Learn practical skills, build real-world projects, and advance your career

Web Scraping Oscar Winning movies from IMDB (www.imdb.com)

oscar_banner

A project work as part of the course zero to data analyst from Jovian.
IMDB: International Movie Database - is the world's most popular and authoritative source for movie, TV and celebrity content. Find ratings and reviews for the newest movie and TV shows.
What is web scraping:
web scraping is a process extracting information from a website programmitcally using code. In this initiative we will attempt to extract information using python and some of the libraries known for web scraping called requests and beautiful soup.

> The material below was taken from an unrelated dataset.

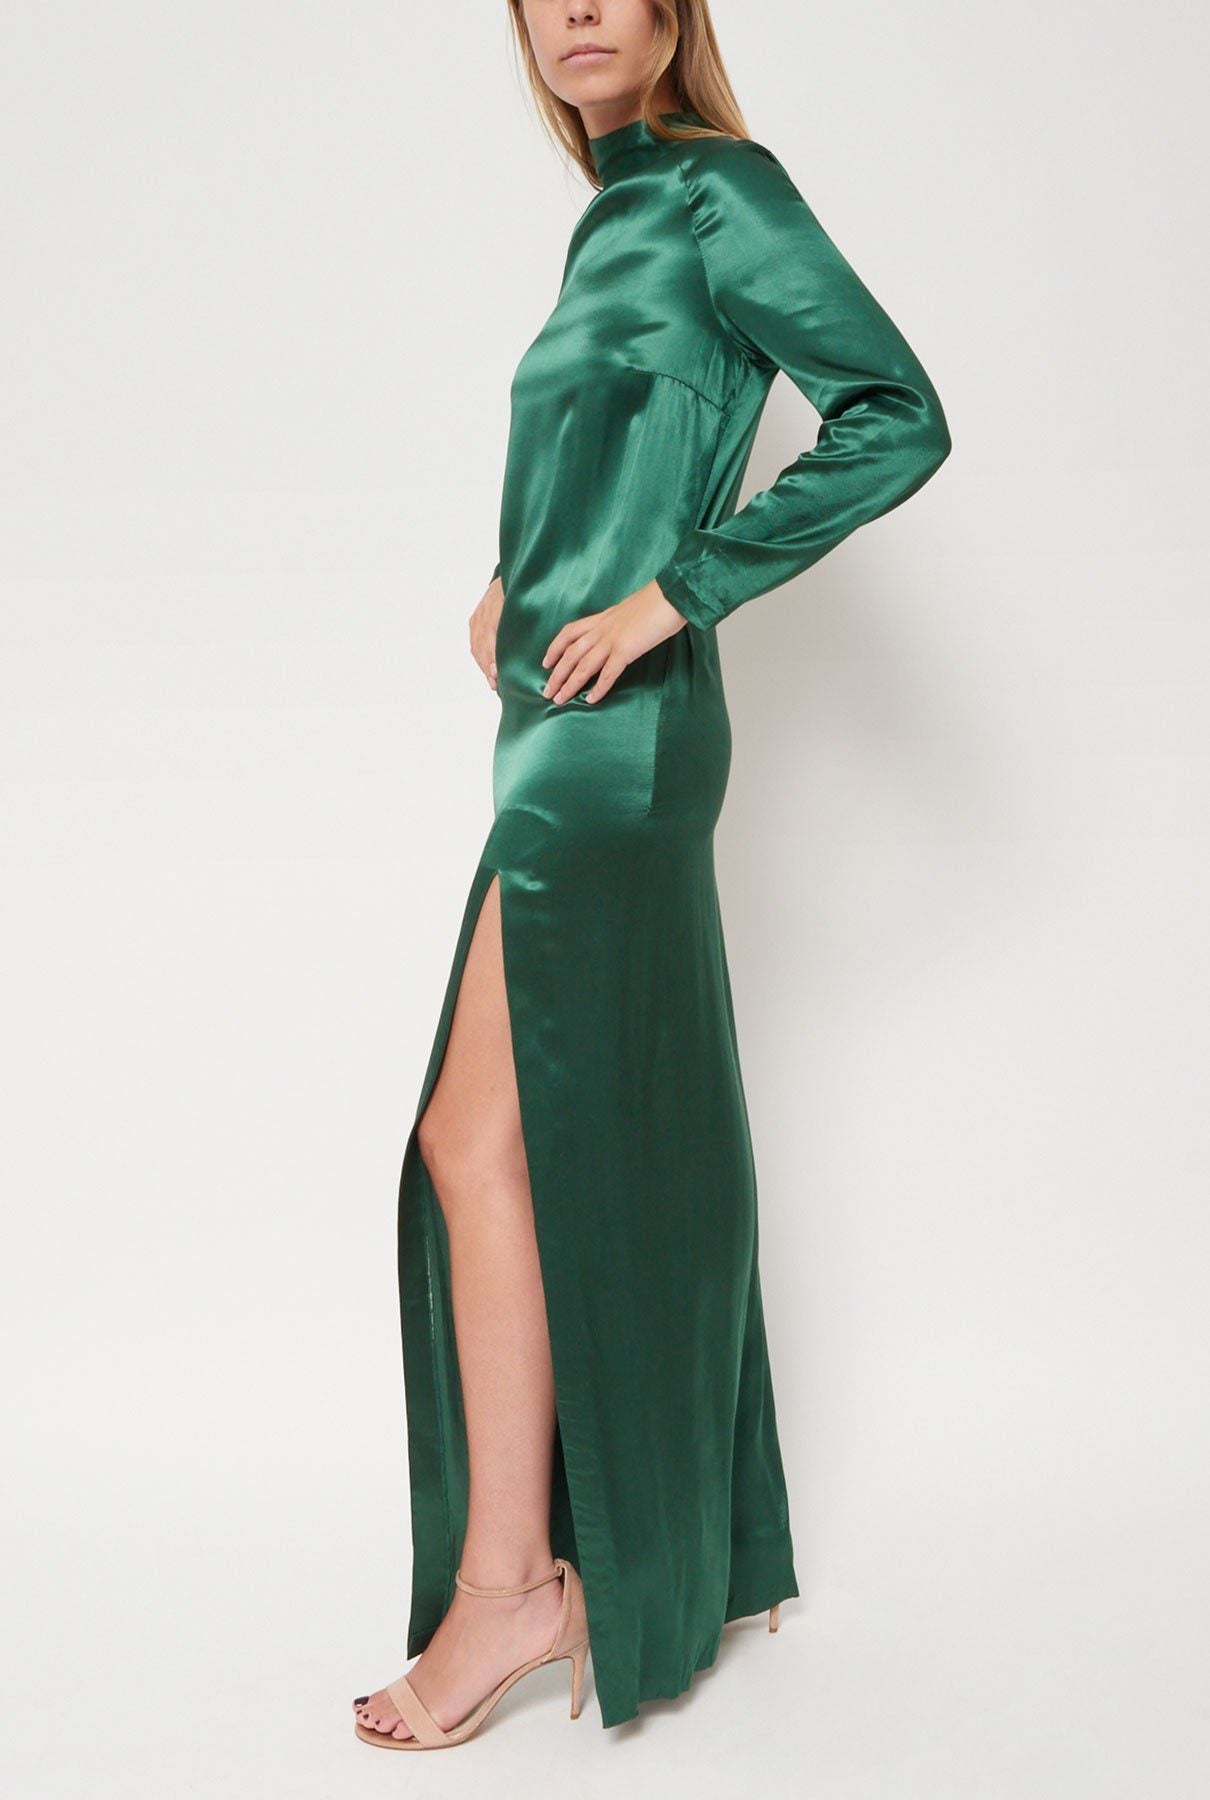 Vestido verde largo raso Dress Leandro Cano 
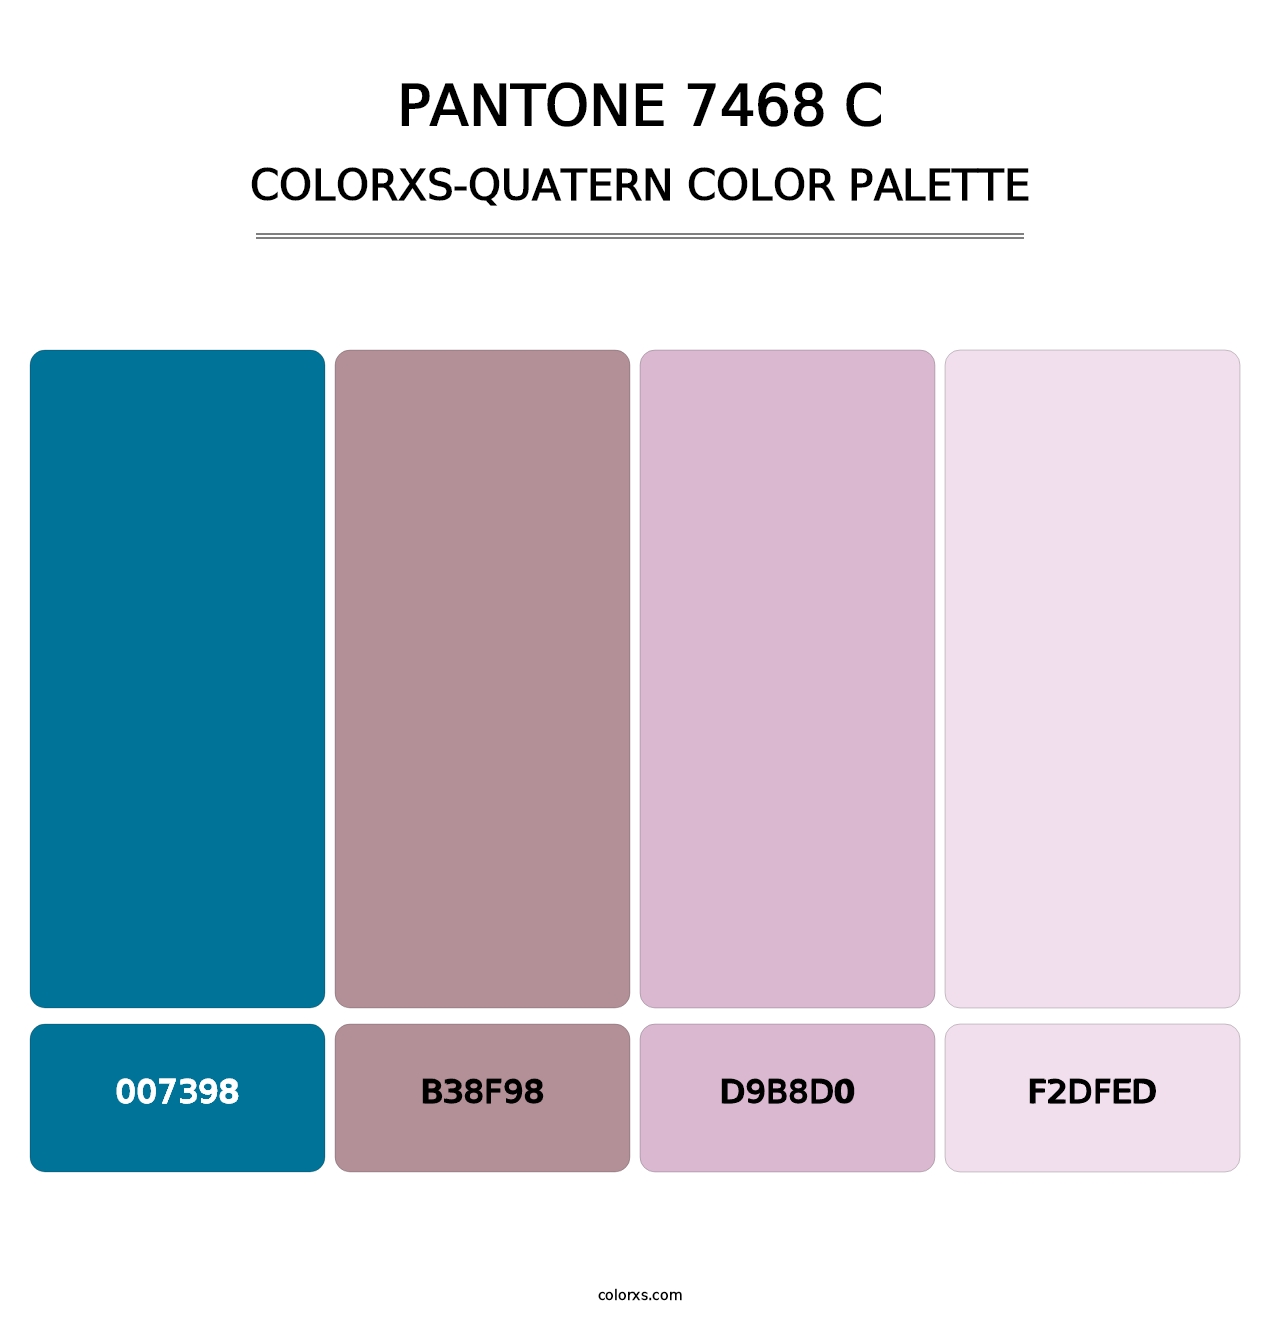 PANTONE 7468 C - Colorxs Quatern Palette

Following are the steps on how to extract the information:

  1. Load the libraries needed for the project
  2. Download the page using requests
  3. Parse the html source code using BeautifulSoup4
  4. Extract the information and the data that we are trying to about the movies
  5. Extract and combine data from multiple pages from the portal
  6. Compile extracted information into python data objects
  7. Finally, write and save the info into CSV files

By the end of this project we will have the information about Oscar Winning Movies in a certain period into files This is the info we will gather about the movies: movie title,year,IMDB Rating,movie rating,movie duration, movie Genre, Metascore, Votes, Gross USD.

So, lets get to it!!

How to run the code

Content present in this Jupyter notebook is executable by any user and is hosted on Jovian.
Running using free online resources (1-click, recommended):
The easiest way to start executing the code is to click the Run button at the top of this page and select Run on Binder. You can also select "Run on Colab" or "Run on Kaggle", but you'll need to create an account on Google Colab or Kaggle to use these platforms.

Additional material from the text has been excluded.